### Brief
For the entries below, the result should be an exact transcription of the lines from the one with "Florence 1570 Series" up to and including the one with "Danish Frits Henningsen", and only those.
━━━ Entries provided
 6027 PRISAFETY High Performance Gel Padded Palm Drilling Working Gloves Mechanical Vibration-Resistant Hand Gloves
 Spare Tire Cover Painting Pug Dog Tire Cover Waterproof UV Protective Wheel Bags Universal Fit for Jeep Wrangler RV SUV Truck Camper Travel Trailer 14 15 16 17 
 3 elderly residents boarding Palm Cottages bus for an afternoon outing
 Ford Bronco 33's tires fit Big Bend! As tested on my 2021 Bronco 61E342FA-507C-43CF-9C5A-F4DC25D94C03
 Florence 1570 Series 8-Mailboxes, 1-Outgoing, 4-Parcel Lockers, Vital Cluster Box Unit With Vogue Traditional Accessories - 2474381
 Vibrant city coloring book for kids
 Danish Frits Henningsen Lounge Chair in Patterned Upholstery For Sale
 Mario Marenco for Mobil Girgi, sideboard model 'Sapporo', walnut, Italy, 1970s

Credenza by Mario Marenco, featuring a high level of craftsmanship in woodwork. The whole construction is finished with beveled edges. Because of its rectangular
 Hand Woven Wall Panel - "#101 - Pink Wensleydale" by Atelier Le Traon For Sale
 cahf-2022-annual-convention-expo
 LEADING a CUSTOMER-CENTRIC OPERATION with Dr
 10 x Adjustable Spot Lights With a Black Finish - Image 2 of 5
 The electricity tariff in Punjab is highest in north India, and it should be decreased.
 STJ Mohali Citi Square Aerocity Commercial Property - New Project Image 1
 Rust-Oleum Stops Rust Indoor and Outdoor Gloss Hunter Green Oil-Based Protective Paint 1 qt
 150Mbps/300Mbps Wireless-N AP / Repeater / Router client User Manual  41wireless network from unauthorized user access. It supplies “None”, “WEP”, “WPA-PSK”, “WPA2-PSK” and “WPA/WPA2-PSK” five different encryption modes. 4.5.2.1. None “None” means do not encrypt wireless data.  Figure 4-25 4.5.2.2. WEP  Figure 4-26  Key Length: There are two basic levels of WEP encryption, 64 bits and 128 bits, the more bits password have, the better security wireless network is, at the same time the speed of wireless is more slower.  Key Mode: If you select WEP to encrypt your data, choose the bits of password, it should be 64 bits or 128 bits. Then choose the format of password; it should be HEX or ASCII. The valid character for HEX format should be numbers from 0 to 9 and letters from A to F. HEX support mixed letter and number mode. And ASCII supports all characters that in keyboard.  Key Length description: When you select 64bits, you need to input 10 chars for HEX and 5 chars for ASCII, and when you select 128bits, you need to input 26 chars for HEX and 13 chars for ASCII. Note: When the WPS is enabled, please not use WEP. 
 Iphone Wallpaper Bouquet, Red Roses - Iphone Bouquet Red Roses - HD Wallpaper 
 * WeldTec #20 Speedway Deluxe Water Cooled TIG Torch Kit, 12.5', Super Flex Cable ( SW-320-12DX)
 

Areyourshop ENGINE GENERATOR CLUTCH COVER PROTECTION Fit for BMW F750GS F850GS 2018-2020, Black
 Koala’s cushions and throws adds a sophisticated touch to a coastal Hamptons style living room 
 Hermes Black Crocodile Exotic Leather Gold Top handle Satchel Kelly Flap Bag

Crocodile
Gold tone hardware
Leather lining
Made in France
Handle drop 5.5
━━━━━━
### Answer space
 Florence 1570 Series 8-Mailboxes, 1-Outgoing, 4-Parcel Lockers, Vital Cluster Box Unit With Vogue Traditional Accessories - 2474381
 Vibrant city coloring book for kids
 Danish Frits Henningsen Lounge Chair in Patterned Upholstery For Sale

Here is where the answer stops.